Items from a dataset:
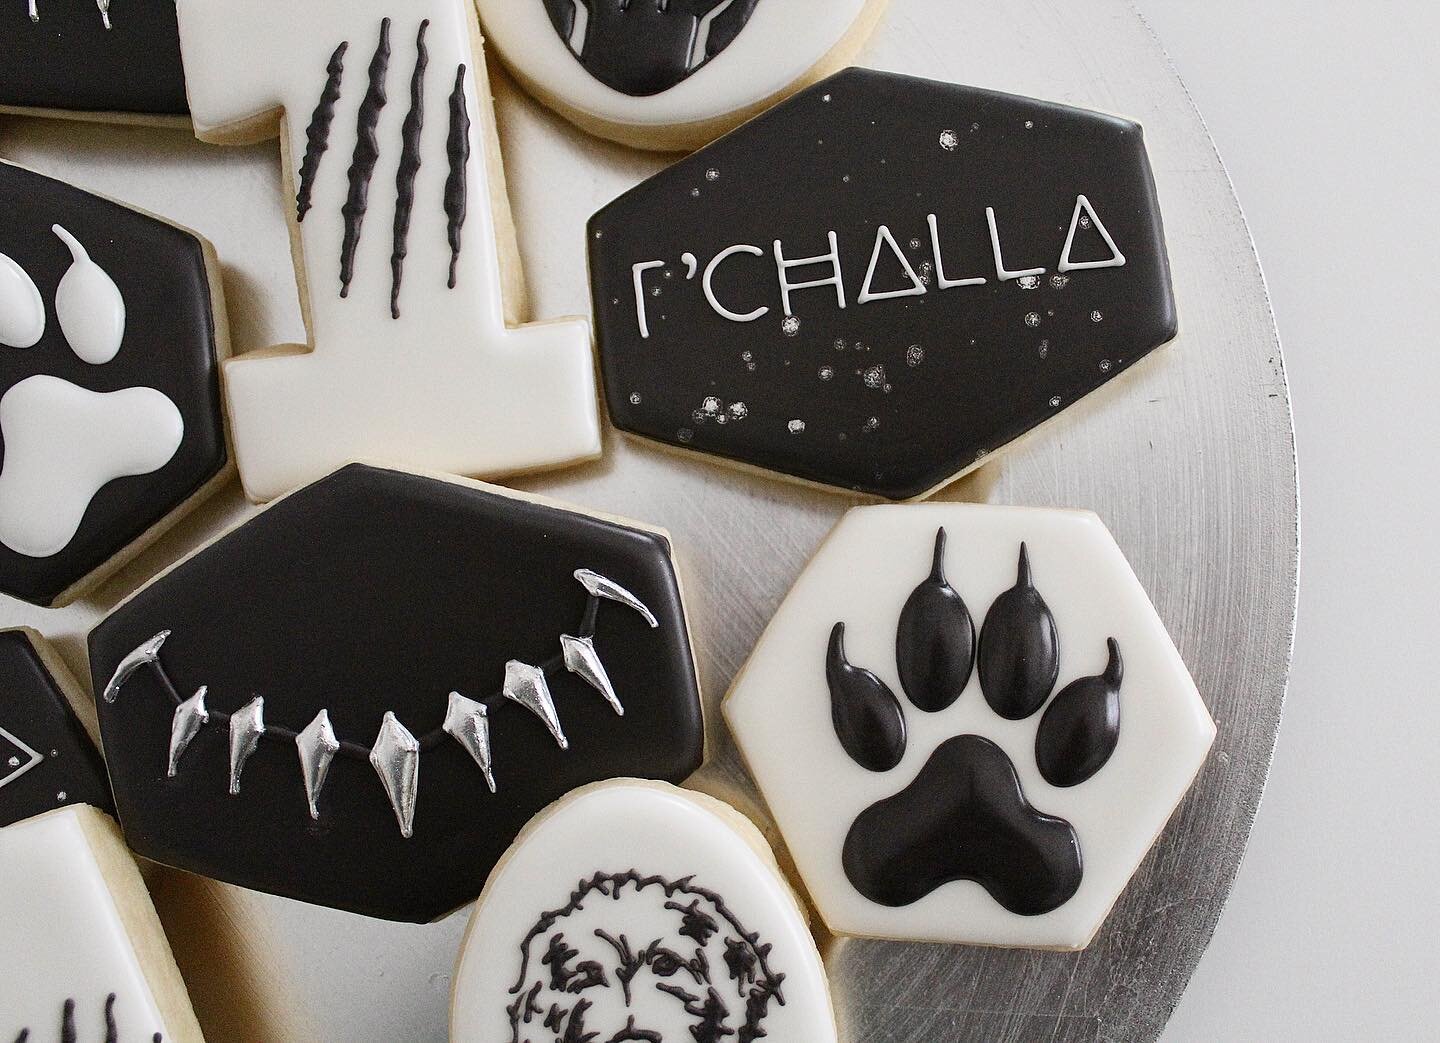 Happy 1st birthday to a sweet 🐶 named after black panther! 🐆 
.
.
.
.
.
.
.
.
.
.
#birthdaycookies #sugarcookies #sugarcookiesofinstagram #blackpanthercookies #dogcookies #utahcustomcookies #slccustomcookies #panthercookies #cookies #royalicingcook

▸ REQUIREMENT:
Nothing but the records above, exact and without pictures, should appear in the answer.

▸ RESPONSE TO THIS EXERCISE:
 Happy 1st birthday to a sweet 🐶 named after black panther! 🐆 
.
.
.
.
.
.
.
.
.
.
#birthdaycookies #sugarcookies #sugarcookiesofinstagram #blackpanthercookies #dogcookies #utahcustomcookies #slccustomcookies #panthercookies #cookies #royalicingcook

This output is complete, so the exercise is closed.